%%
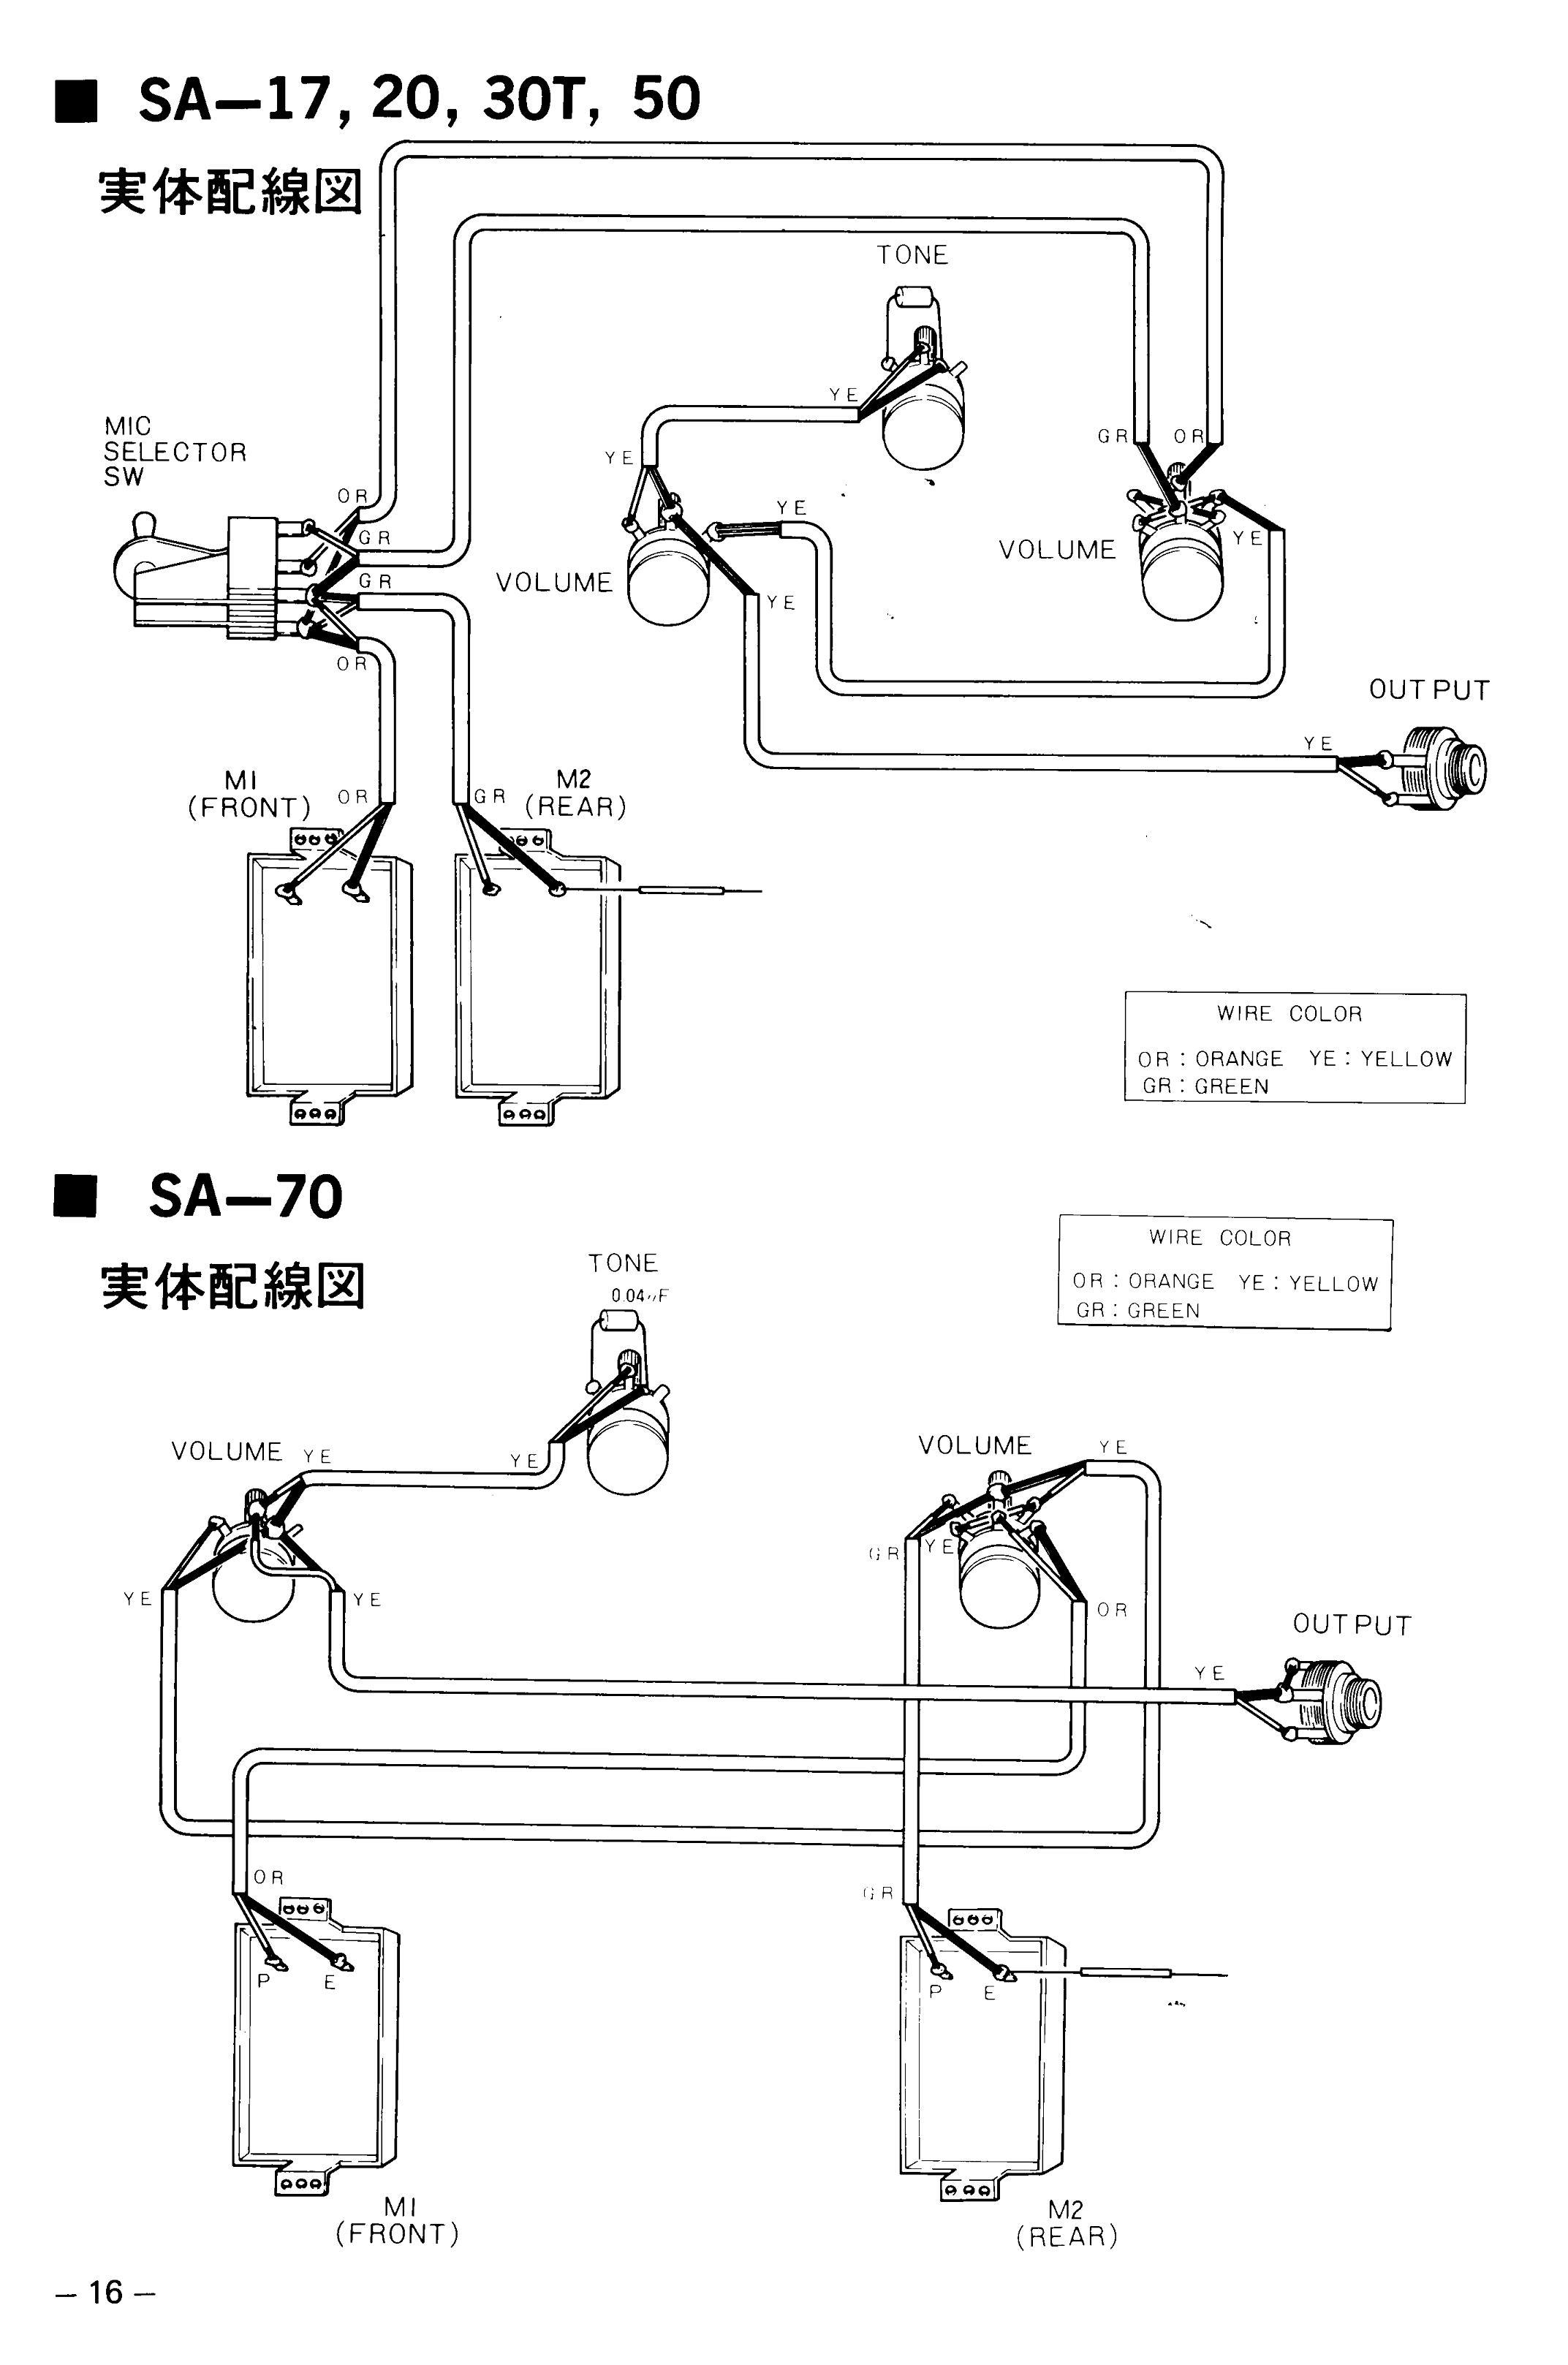 Yamaha SA 20 SA 30 SA 50 SA 70 Wiring diagram Page 16 of 1979 parts brochure?quality\=80\&strip\=all dt1 wiring diagram wiring diagrams yamaha dt 100 wiring diagram at gsmportal.co
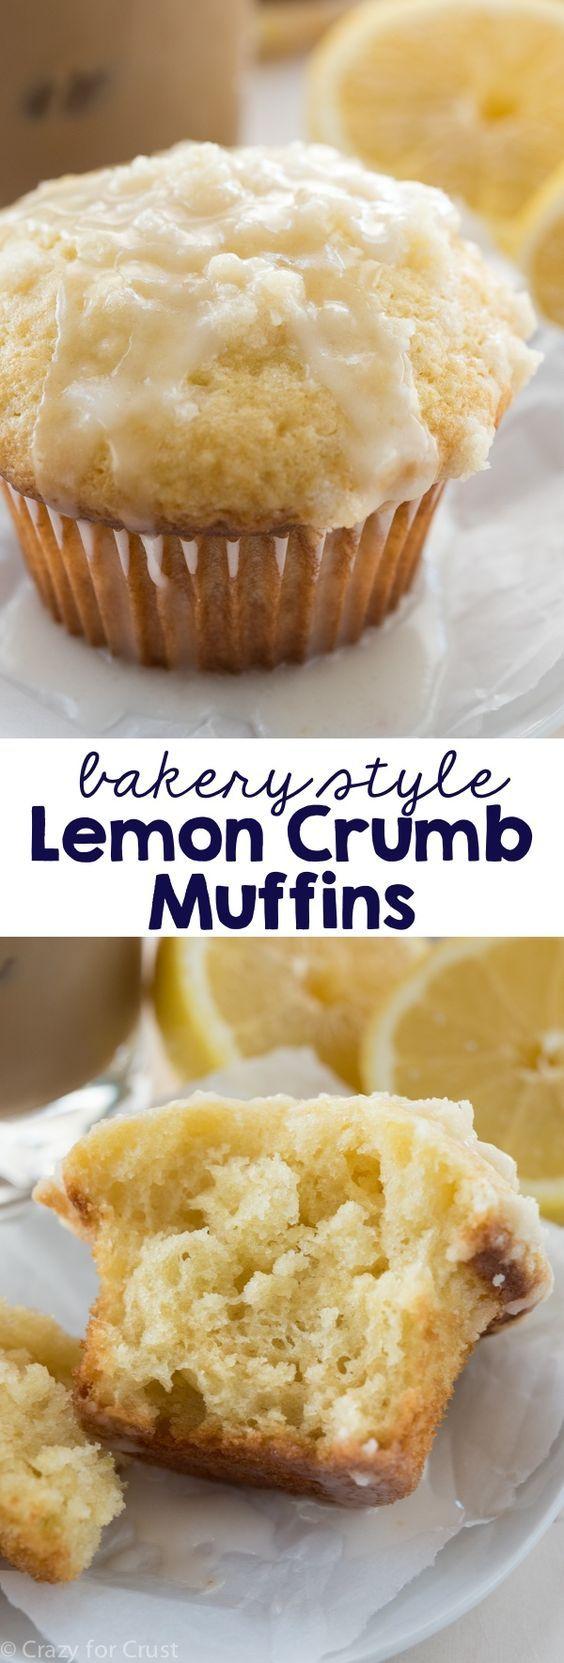 Can You Convert A Muffin Recipe To A Cake
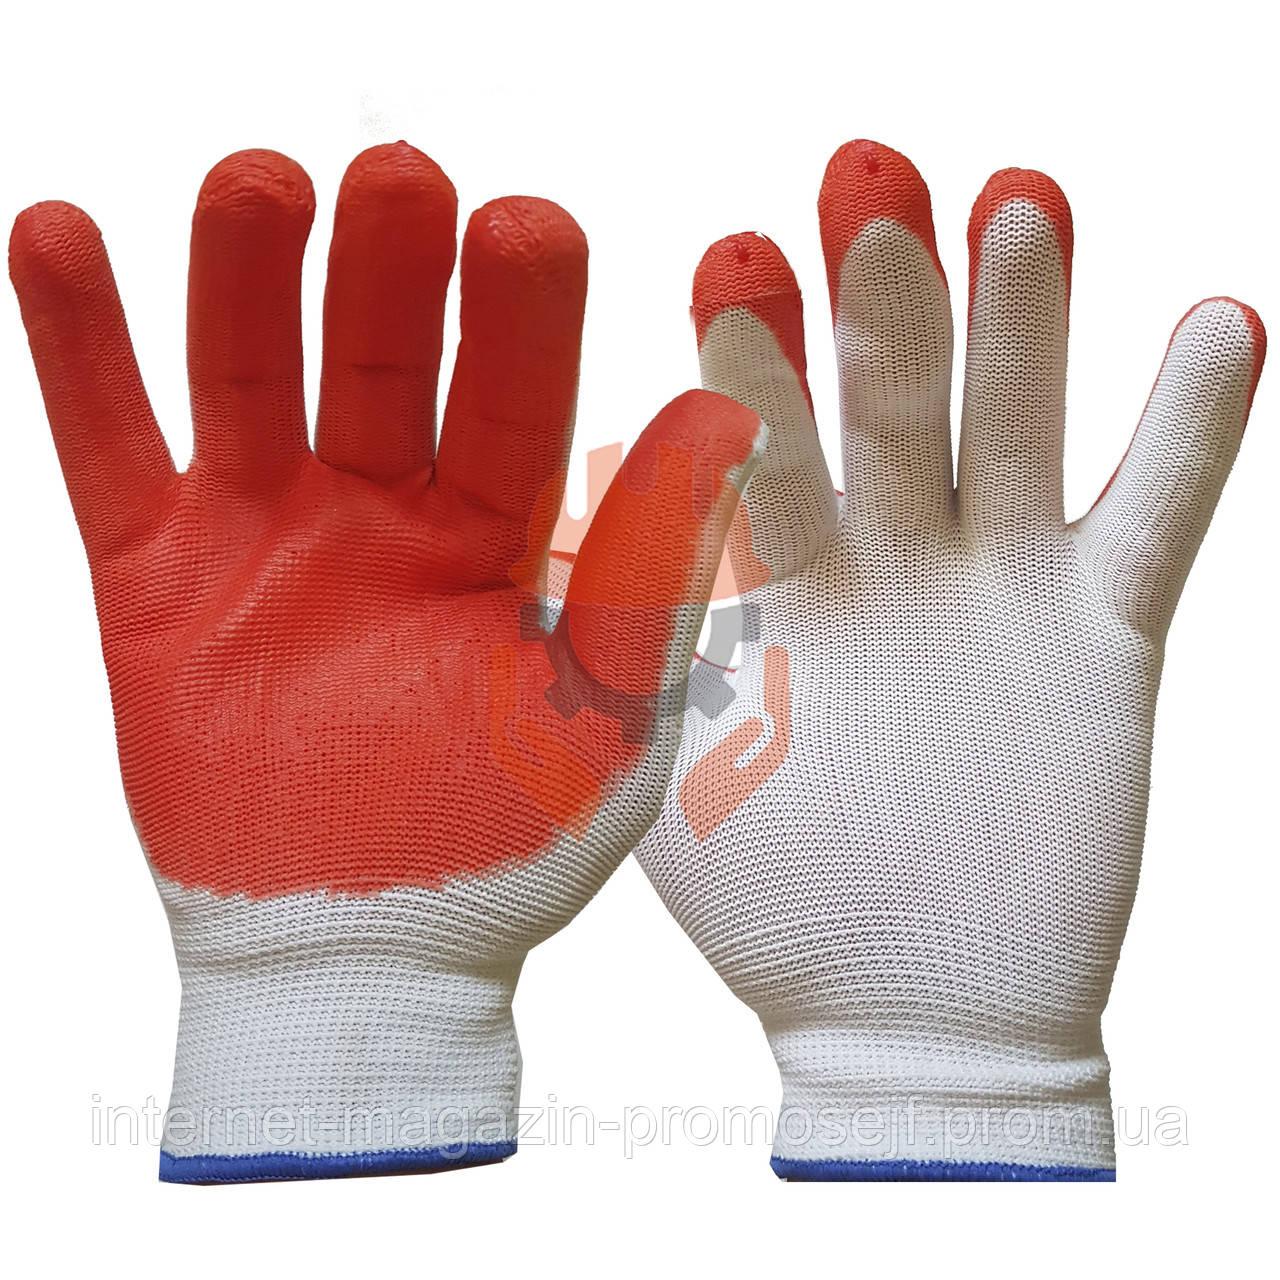 Перчатки нитриловые стрейчевые Оранжевый
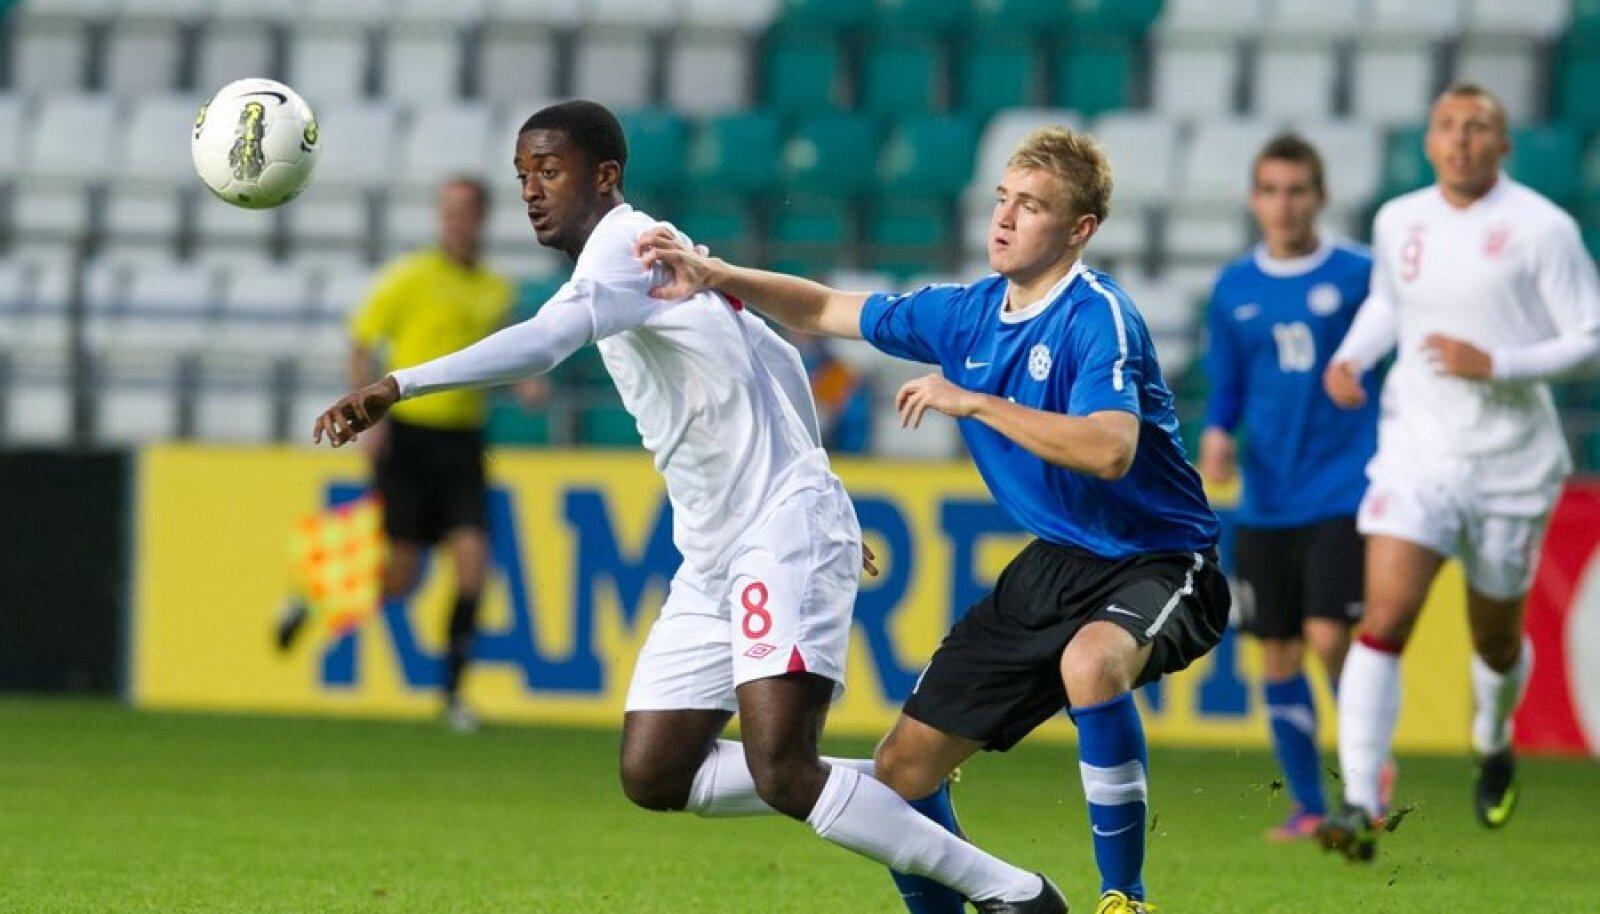 U19 jalgpalli EM-valikmäng: Eesti - Inglismaa
%%
Problem requirements:
Give again exactly the lines from the one that contains "Перчатки нитриловые стрейчевые Оранжевый" through the end of the material, both ends included, omitting the pictures.

Reply:
 Перчатки нитриловые стрейчевые Оранжевый
 U19 jalgpalli EM-valikmäng: Eesti - Inglismaa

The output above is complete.